Futuro candidato do PSDB à Presidência da República, Geraldo Alckmin renunciou no dia 6 ao cargo de governador de São Paulo, após quase oito anos no posto, sem tirar do papel série de promessas que fez para o Grande ABC, entre construção de equipamentos, convênios com as prefeituras e a implementação daquele que seria o principal projeto do governo tucano para a região: a Linha 18-Bronze do Metrô, que ligaria as sete cidades à Capital.
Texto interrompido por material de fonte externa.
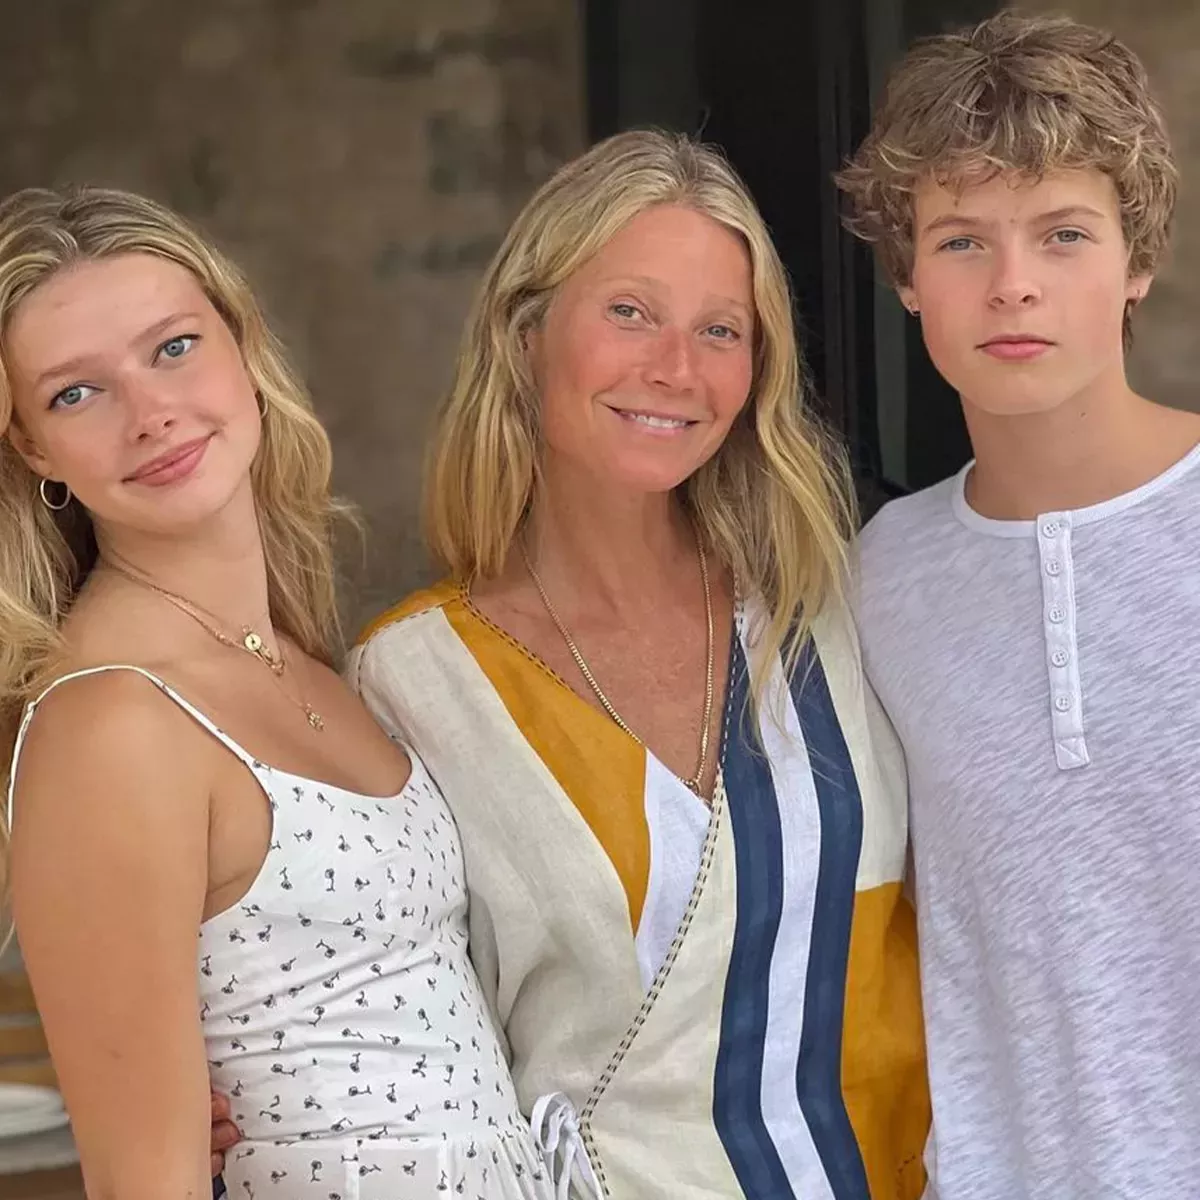 Juicio de Gwyneth Paltrow: La hija de Apple Martin dice que su madre estaba "conmocionada" tras el accidente de esquí

Várias obras tocadas pelo Estado na região não chegaram a começar de modo efetivo. Algumas intervenções, após meses de atrasos e de frequentes adiamentos, foram entregues inacabadas dias antes de Alckmin deixar o comando do governo paulista. Em agenda de lançamentos, cerca de uma semana antes de sair da chefia do Executivo, Alckmin desembarcou em Diadema para inaugurar a Fábrica de Cultura, primeira unidade fora da Capital, e a Rede Lucy Montoro. Porém, a abertura concreta tanto de um quanto de outro só ocorrerá em junho, já que ainda será necessária contratação de empresas para a gestão dos equipamentos. No dia 27, quando houve a inauguração simbólica da fábrica, a guarita do prédio sequer possuía vidros e, com o término do evento, prestigiado com pompas, os portões se fecharam.

O Centro Dia do Idoso de Santo André, que tornou-se no meio do caminho Centro de Convivência do Idoso, também se arrasta, com estimativa de abrir as portas até dezembro. Outra reivindicação antiga, a reativação de unidade própria do IML (Instituto Médico-Legal) de Mauá foi avalizada pelo Palácio dos Bandeirantes no ano passado.

Entretanto, não se materializou ainda. A previsão é a de que o equipamento seja entregue à população até o início do segundo semestre. Integra a lista de promessas não cumpridas pelo Estado ao município mauaense a instalação de unidade do Bom Prato, que fornece refeições (café da manhã e almoço) à população todos os dias por até R$ 1, assegurada ainda em 2014. Desde o ano passado a relação entre a gestão Alckmin e o governo Atila Jacomussi (PSB) vinha se desidratando por conta do impasse envolvendo a dívida da Sama (Saneamento Básico do Município de Mauá), autarquia municipal, com a Sabesp (Companhia de Saneamento Básico do Estado de São Paulo).
Na vizinha Ribeirão Pires, a dívida deixada por Alckmin foi a não construção de alça de acesso ao Trecho Leste do Rodoanel, na divisa do município com Suzano, garantida no primeiro ano do segundo mandato do tucano, em 2015.

A gestão Alckmin, por outro lado, inaugurou três unidades do Poupatempo (Santo André, Mauá e Diadema) e no fim do ano passado colocou em prática a ampliação do Expresso ABC, linha exclusiva da CPTM (Companhia Paulista de Trens Metropolitanos), que liga Santo André à Capital com apenas uma parada, em São Caetano. Em operação desde 2016, o número de viagens foi estendido de 14 para 16. A reforma e modernização das estações da Linha 10-Turquesa (Brás-Rio Grande da Serra), contudo, ficaram apenas no discurso.